Monday, January 16, 2017

REWIND: Milk is liquid snot: "Milk consumption may not only be unhelpful, it might also be detrimental."

Earlier today I posted at Facebook:

I believe that drinking milk is an aesthetic and culinary outrage on a par with Bud Light and McDonald's. Moreover, drinking milk is a conspiracy foisted on us by the multinational diary lobby. Apart from all that, I also dislike milk intensely, though you can make it into cheese or ice cream and I'm golden. Last night I had a dream in which I was drinking milk and commenting about how perfectly it paired with a dish. Now I'm scared to set foot outside the house. Booze is the preferred antidote to this condition, although probably not White Russians at a time like this.
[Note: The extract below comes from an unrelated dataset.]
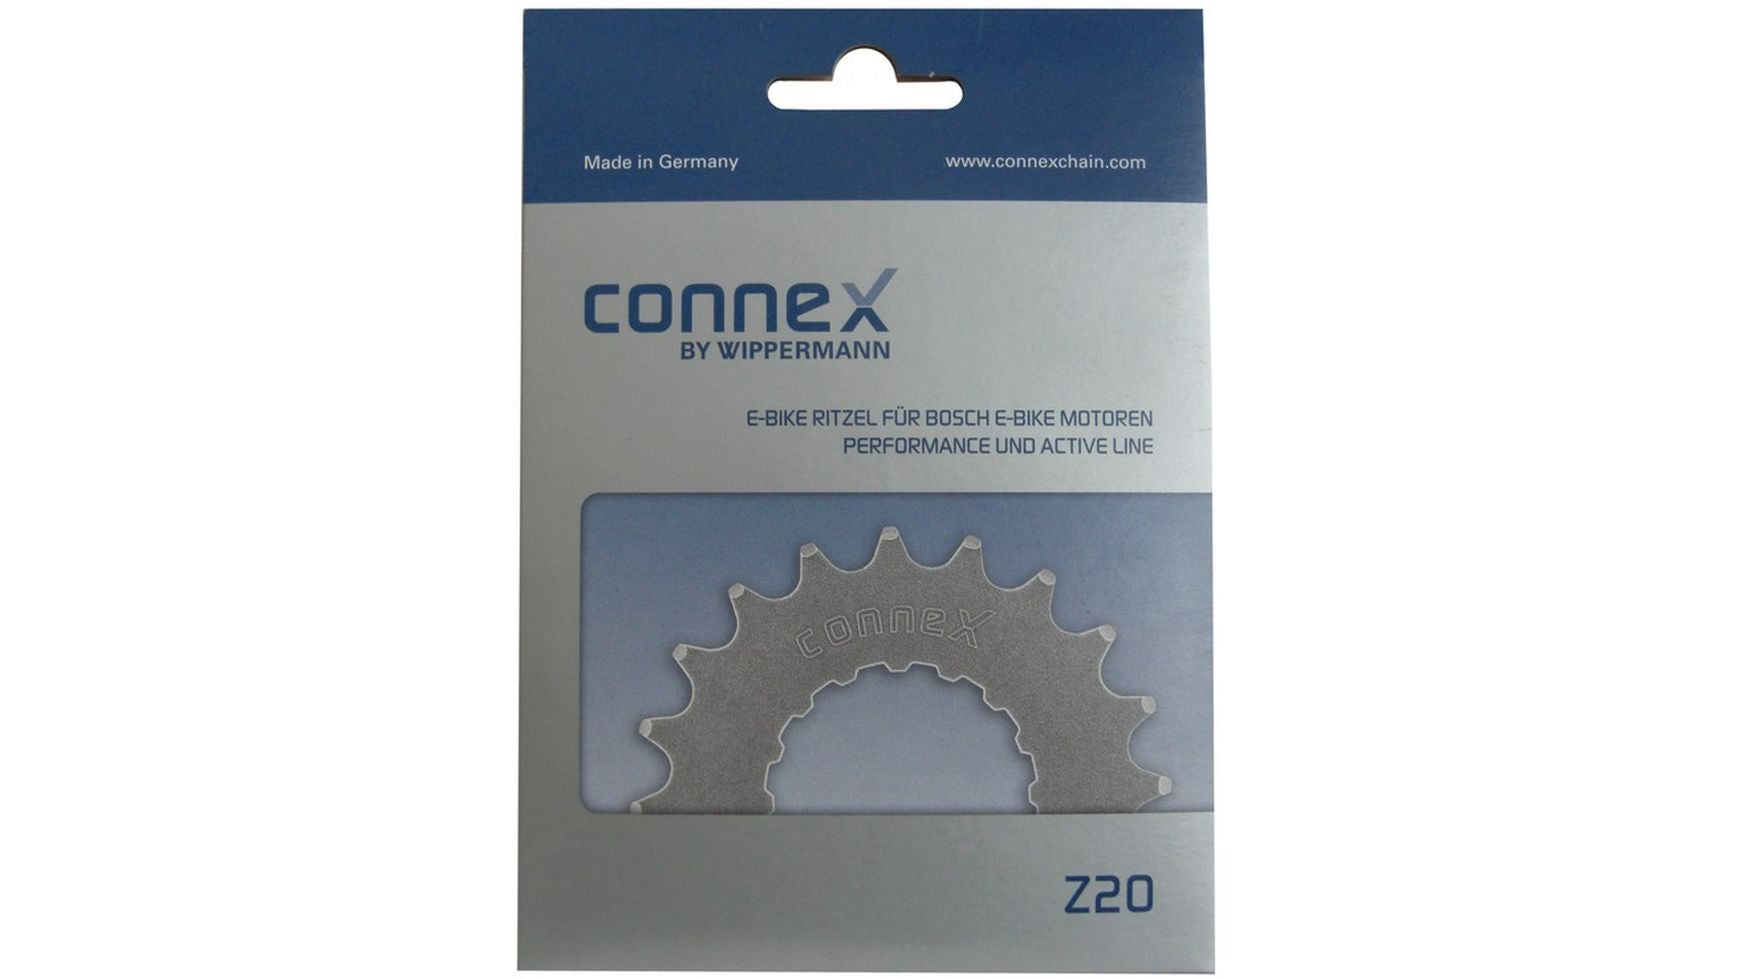 Connex 14 Zähne Ritzel Bosch von Connex

After thinking about it, it occurred to me (as it usually does) that we'd all been here before, and indeed we have ... most recently in 2014 (below). The photo above was taken in Indianapolis in 2012.


To me, it's always been aesthetic.

Milk is little more than liquid snot, and to drink it by the glass has struck me as revolting for over thirty years. It's just a bonus to be "un-American" by rejecting milk in liquid form, although I've returned to eating cereal with almond milk as moistening agent.

I adore cheese, cream-based sauces, dairy-laden desserts and Milk Stout; obviously, I can tolerate lactose, but drink it from a glass?

That's just wrong.


Got Milk? Might Not Be Doing You Much Good, by Aaron E. Carroll (NYT)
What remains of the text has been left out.